IP Addresses: How to Get One?

• Hosts can get IP addresses through several methods, such as hardcoded by system admins or using DHCP.
• DHCP is used for dynamic assignment of IP addresses via broadcast. It allows devices to obtain their IP addresses, and additional data, from a DHCP server on the network.

DHCP: More Than IP Addresses

• DHCP can return more than just an IP address, such as the address of the first-hop router and the DNS server's address.
• It also provides network mask information.

DHCP: Client-Server Scenario

• The DHCP consists of client-server interactions where a client requests and obtains an IP address from a DHCP server.
• A series of messages (DHCP discover, DHCP offer, DHCP request, DHCP ack) are exchanged.

DHCP: Example

• The DHCP server encapsulates its responses in UDP, which further gets encapsulated in IP, and that encapsulated in an Ethernet frame and broadcast onto the LAN.

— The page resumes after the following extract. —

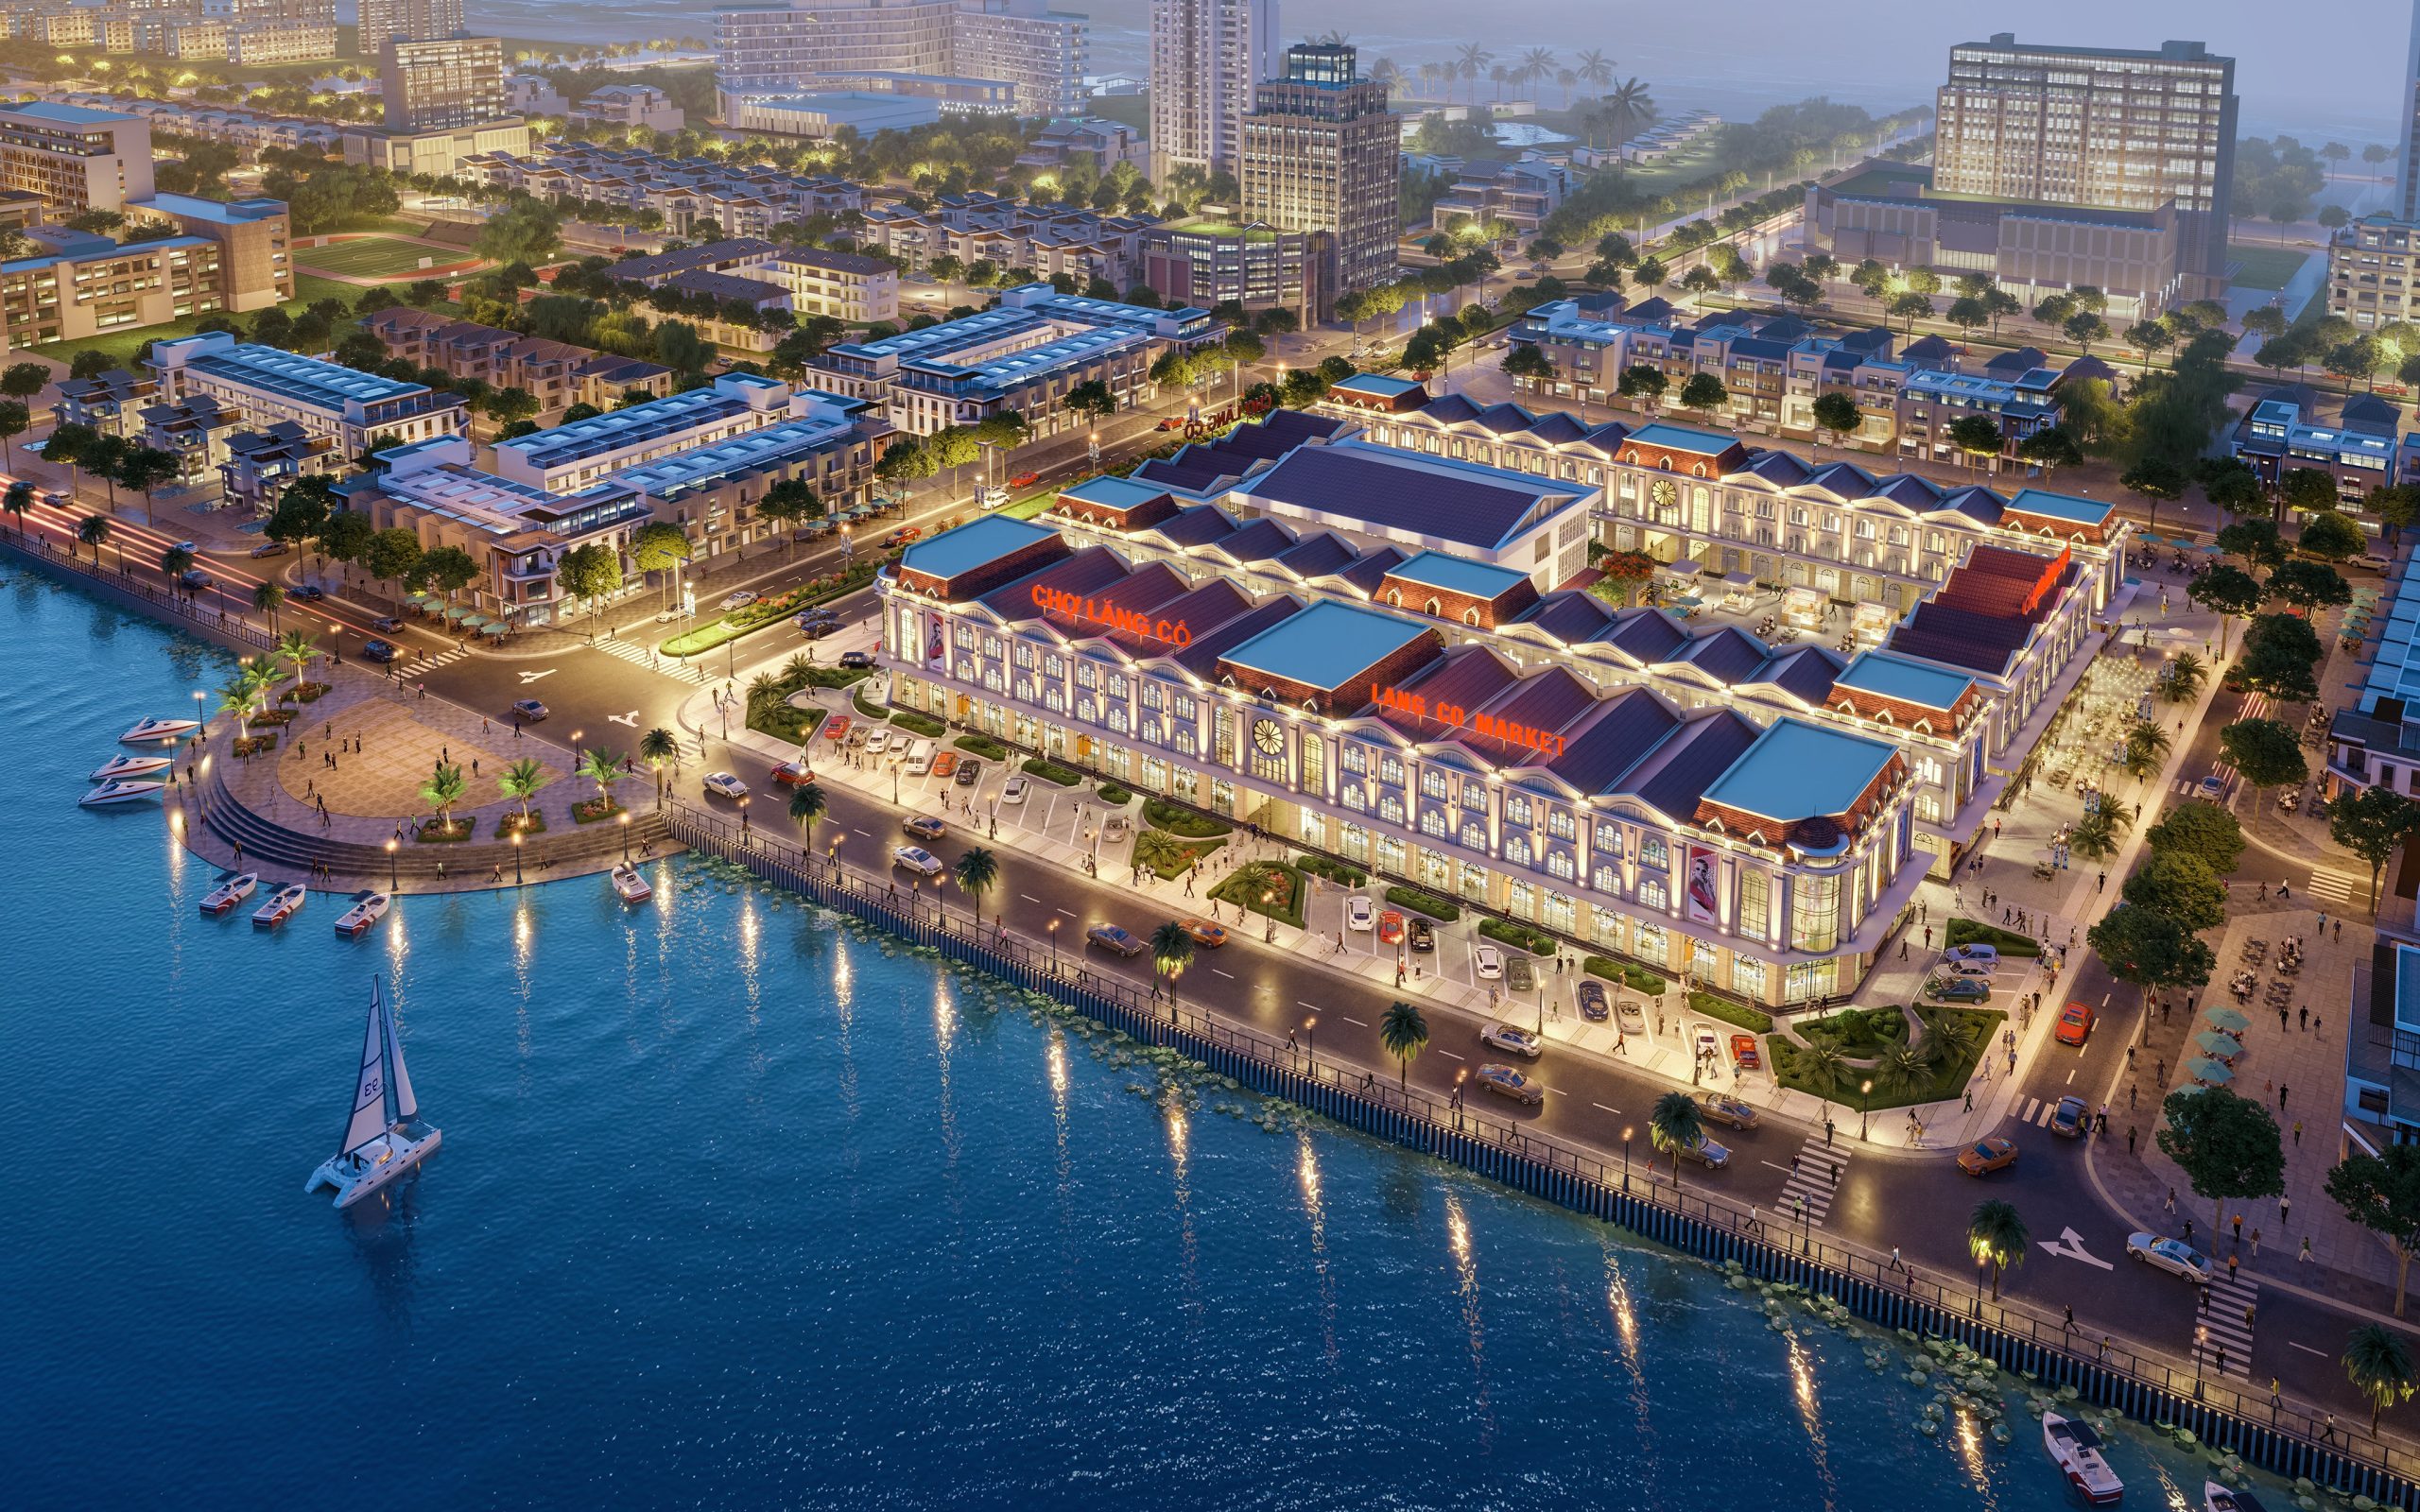 Ngoài dự kiến, Viet Nam Smart City thu hút gần 80 giao dịch tại lễ giới thiệu dự án chợ Lăng Cô - Viet Nam Smart City

IP Addresses: How to Get One?

• ISPs receive blocks of IP addresses allocated by ICANN (Internet Corporation for Assigned Names and Numbers).
• Organizations receive portions of address space for their networks.

NAT: Network Address Translation

• NAT allows a local network to use a single IP address to the outside world.
• NAT translates local addresses to a global address.

NAT: Network Address Translation (Implementation)

• NAT routers translate source IP addresses and port numbers in outgoing datagrams.
• They also translate destination fields in incoming datagrams.
• Using a NAT translation table, the NAT router maintains source and destination pairings.

NAT Traversal Problem

• The NAT traversal problem happens when a client wants to connect to a server, but the server's address is local to the LAN.
• A solution is to statically configure NAT to forward incoming requests to the server at a given port.

NAT: Motivation

• Local networks use one IP address for the outside world.
• This saves the need for address space from an ISP.
• It allows changes of devices and ISP without notifying the outside world.
• Devices inside a local network do not need to be explicitly addressable to the outside world.